The Union contends that the award is contrary to law because "the Arbitrator misapplied and misinterpreted an Agency rule which is contrary to the Government-[w]ide Regulations, when he found that he could not apply that past experience and denied the grievance." Exceptions at 1-2.
The Union argues that the Agency's regulation "authorizes 'highest previous rate' for recent and directly-related experience which will clearly and favorably impact performance in the new position." Id. at 2. The Union also argues that nothing in the Agency's regulation "requires a three (3) year limitation on directly related experience to the new duties." Id. (emphasis deleted).
The Union notes that Federal Personnel Manual (FPM) chapter 531, subchapter 2-4, a Government-wide regulation, "states the specific requirements for applying the 'highest previous rate'" and argues that this regulation does not require a 3-year bar. Id. at 2-3. The Union argues that "[t]he [G]overnment-wide regulation is the rule that should govern in applying the 'highest previous rate[.']" Id. at 3.
IV. Analysis and Conclusions
We conclude that the Union has failed to establish that the award is deficient.
Absent circumstances not relevant in this case, an arbitration award that conflicts with a governing agency rule or regulation will be found deficient under section 7122(a)(1) of the Statute. U.S. Department of the Treasury, Internal Revenue Service, Ogden Service Center, Ogden, Utah and National Treasury Employees Union, Chapter 67, 42 FLRA 1034, 1056 (1991) (citing U.S. Department of the Army, Fort Campbell District, Third Region, Fort Campbell, Kentucky and American Federation of Government Employees, Local 2022, 37 FLRA 186 (1990)).
We find that the Union has failed to establish that the Arbitrator's award conflicts with OAD P 5410.1. It is clear that the Union's interpretation of the Agency's regulation differs from that of the Arbitrator.

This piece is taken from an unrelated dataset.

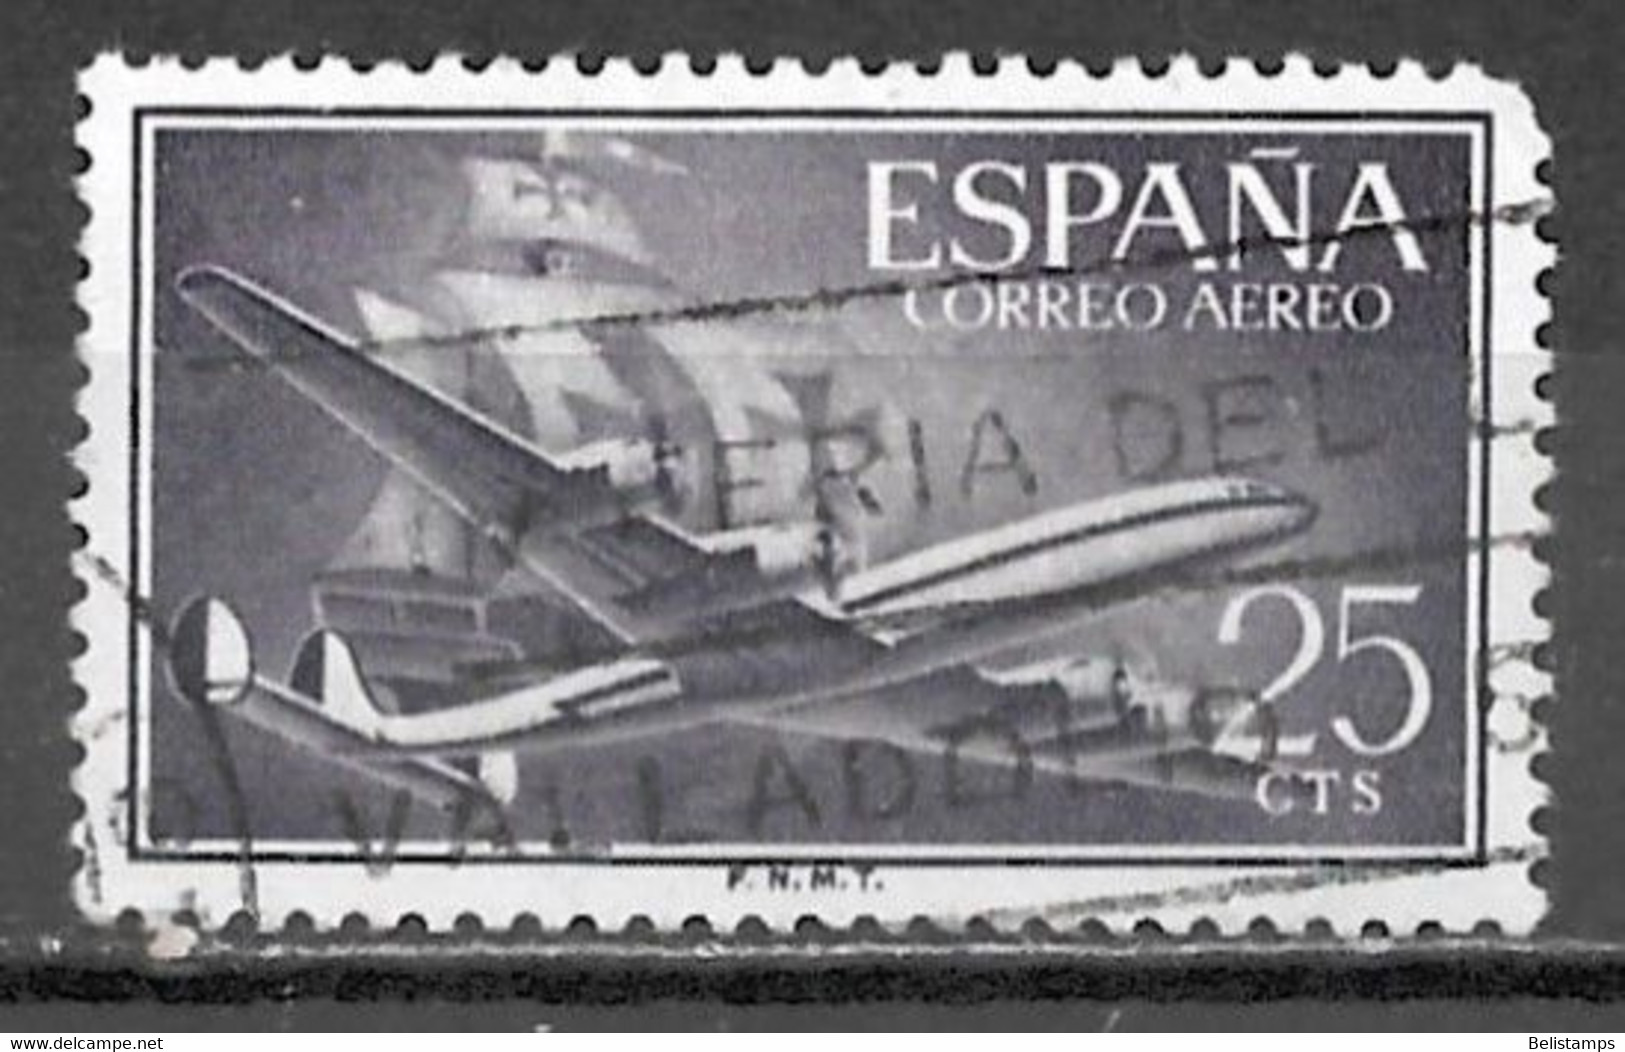 Spain 1955. Scott #C148 (U) Plane And Caravel - Used Stamps

The Arbitrator determined that, under the regulation, only credit for recent experience--that is, experience within the prior 3 years--can be used to grant the highest previous rate. The Union has not shown that the Arbitrator's interpretation conflicts with the Agency's regulation. Therefore, we find that the Union has not demonstrated that the Arbitrator's finding, that the grievant's experience was not recent because it was not gained within the prior 3 years, is inconsistent with the Agency's regulation. See, for example, U.S. Department of Veterans Affairs, Medical Center, Atlanta, Georgia and National Federation of Federal Employees, Local 2102, 44 FLRA 427, 433 (1992); U.S. Department of Defense, Dependent Schools and Overseas Education Association, 37 FLRA 226, 233 (1990), affirmed mem. sub nom. Hartmann v. FLRA, No. 90-2699 (D.D.C. Apr. 10, 1991).
Furthermore, the Union fails to demonstrate that FPM chapter 531, subchapter 2-4 provides any basis for finding the award deficient. That provision states, in part, that "[w]hen an employee moves into a position by any means other than [a] new appointment, he/she may be paid at any rate for his/her grade which does not exceed his/her highest previous rate[.]" FPM chapter 531, subchapter 2-4a.
The Union has not established, and it is not apparent to us, that the provision requires an agency to pay an employee at the highest previous rate or that it precludes an agency from establishing time limits governing the applicability of the employee's previous experience. Accordingly, we find nothing in the award that establishes that the award is inconsistent with FPM chapter 531, subchapter 2-4.
Accordingly, we will deny the Union's exceptions.
The Union's exceptions are denied.
(If blank, the decision does not have footnotes.)